● **Exercise objective**
From the records below, please print only the lines from the one containing "Oil trading platform" through the one containing "Pullman&nbsp;— деревянный диван", both included. Skip the pictures.

● **Material shown**
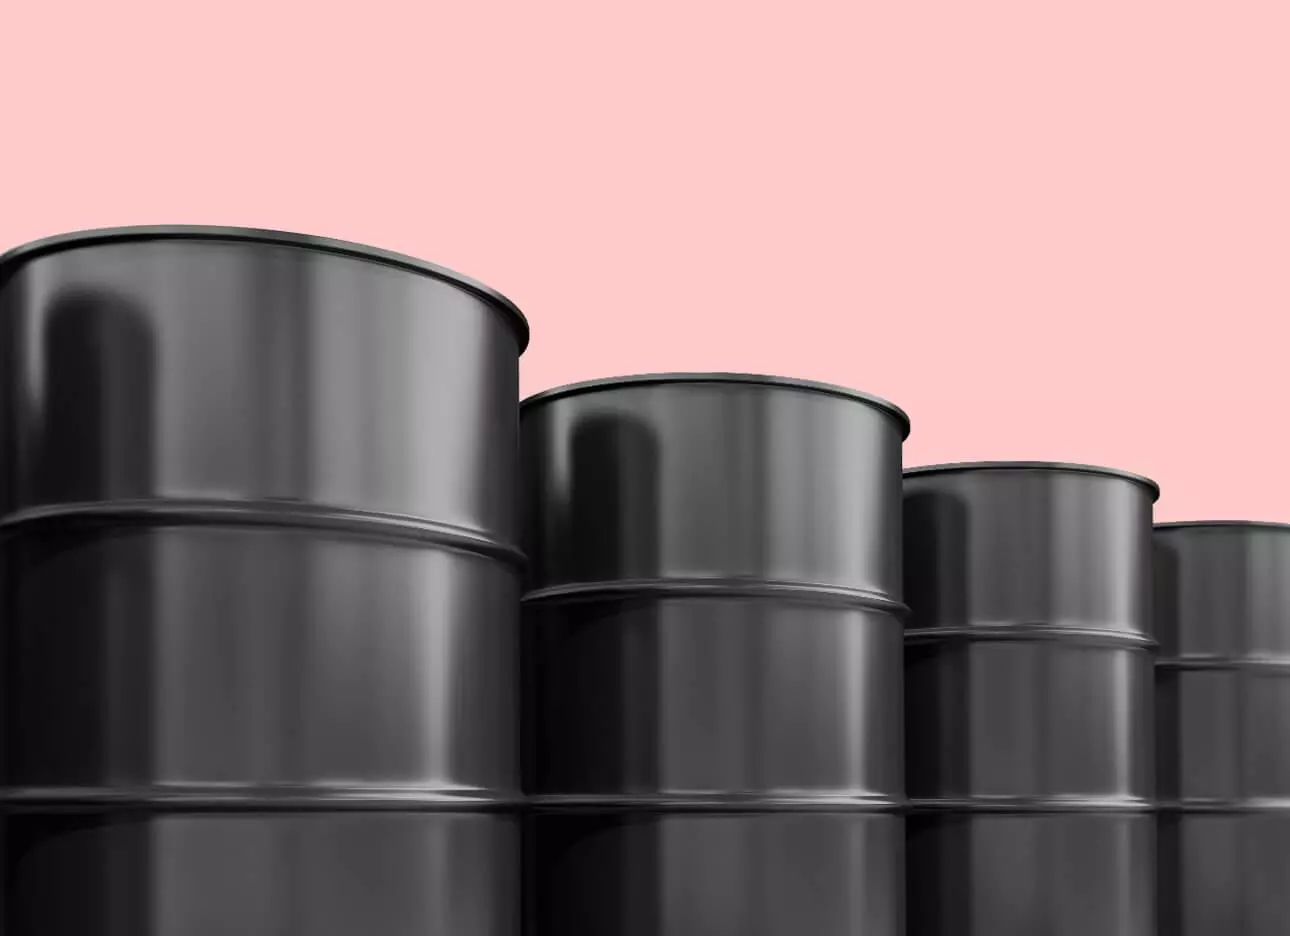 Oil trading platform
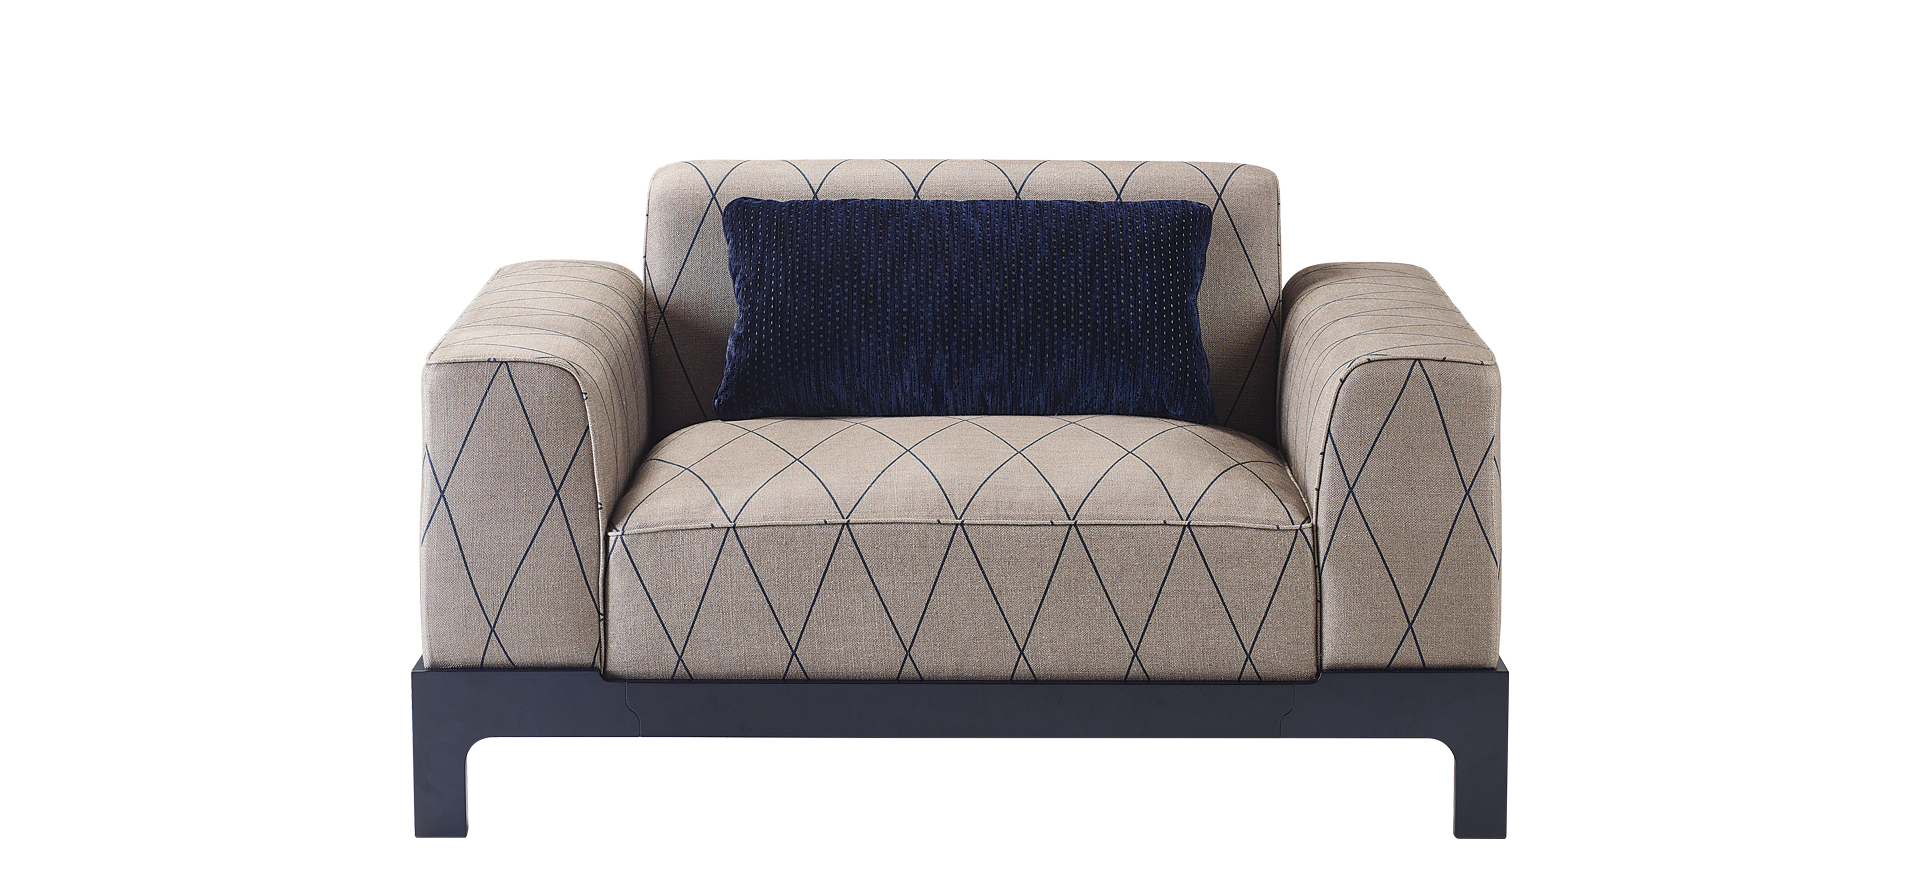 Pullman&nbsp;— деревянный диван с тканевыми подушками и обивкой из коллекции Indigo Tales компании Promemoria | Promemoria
...
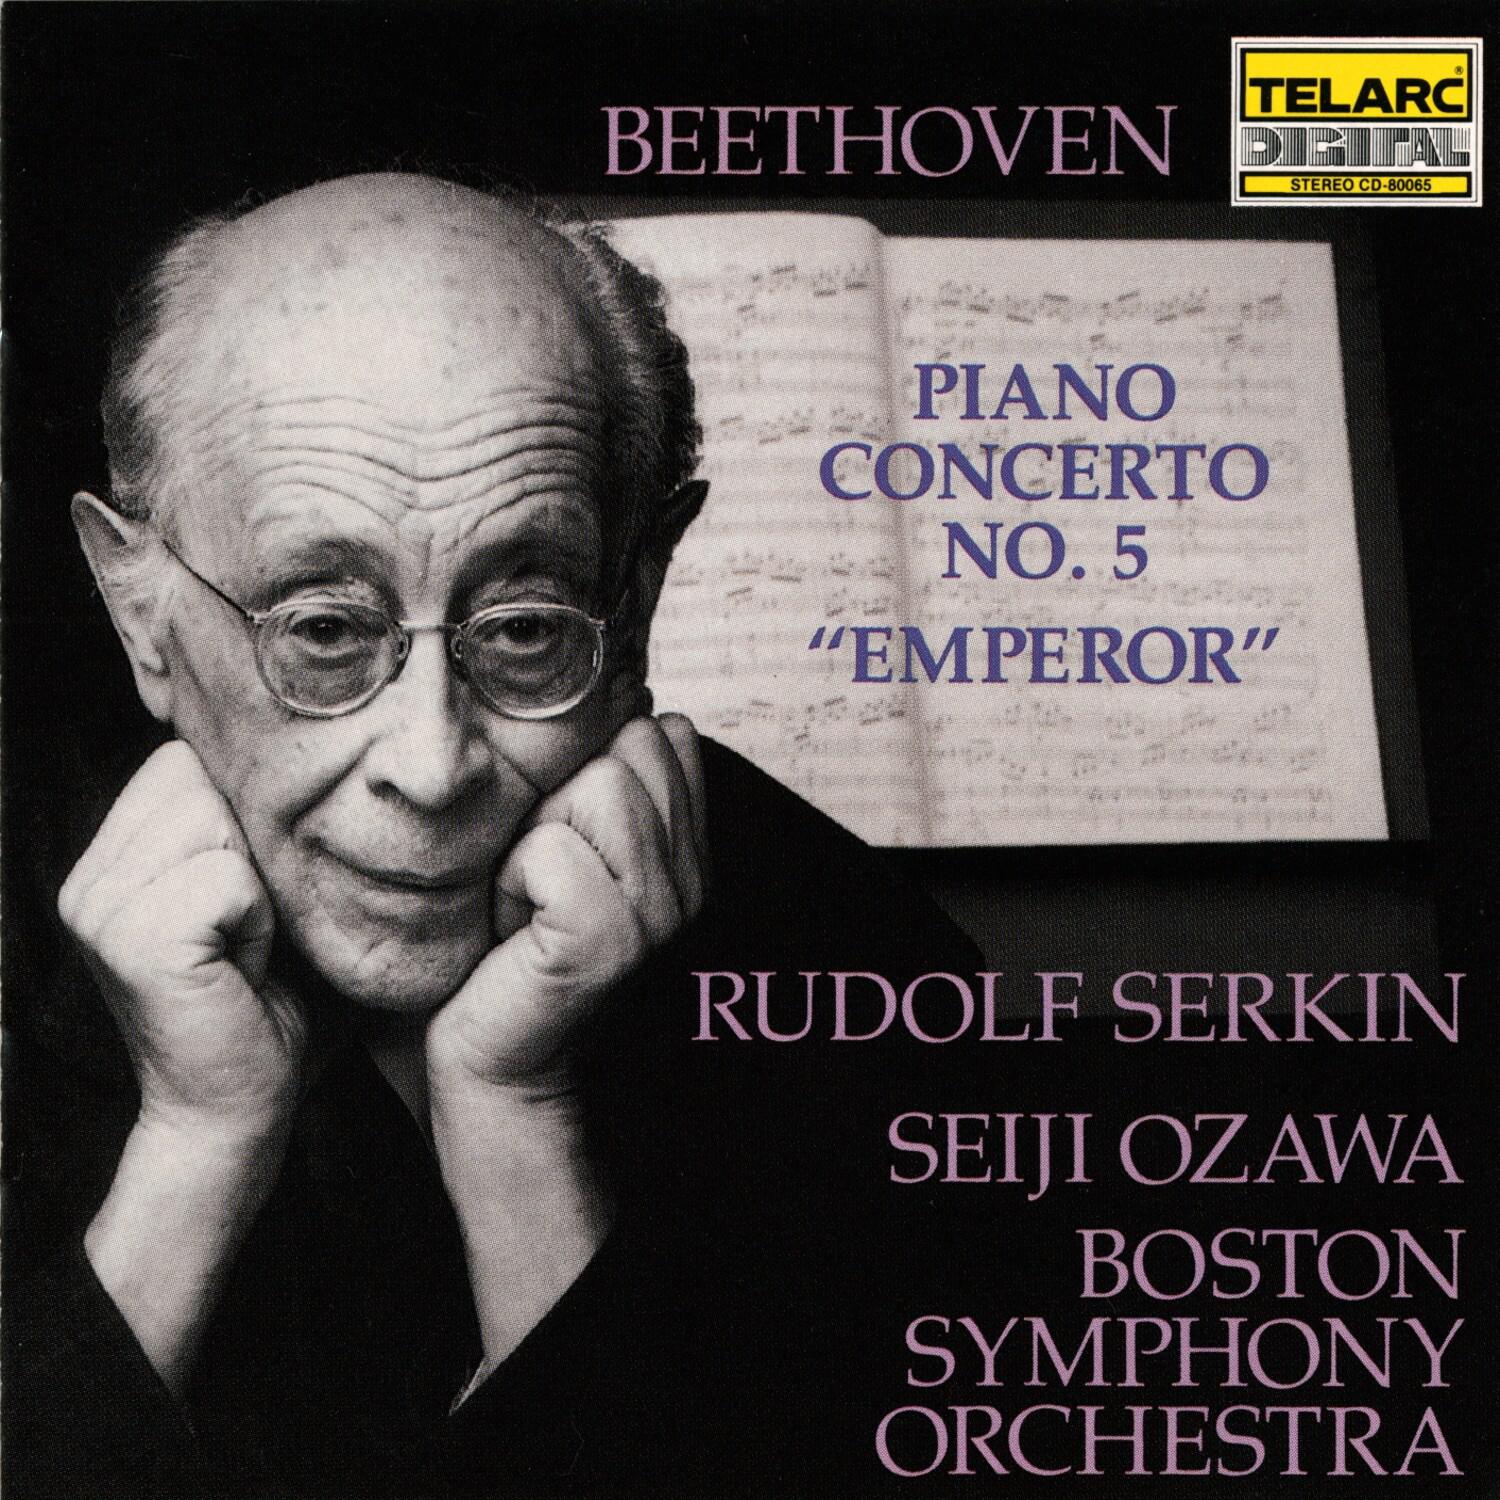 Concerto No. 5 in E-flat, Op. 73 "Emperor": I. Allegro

● **Answer for this exercise**
 Oil trading platform
 Pullman&nbsp;— деревянный диван с тканевыми подушками и обивкой из коллекции Indigo Tales компании Promemoria | Promemoria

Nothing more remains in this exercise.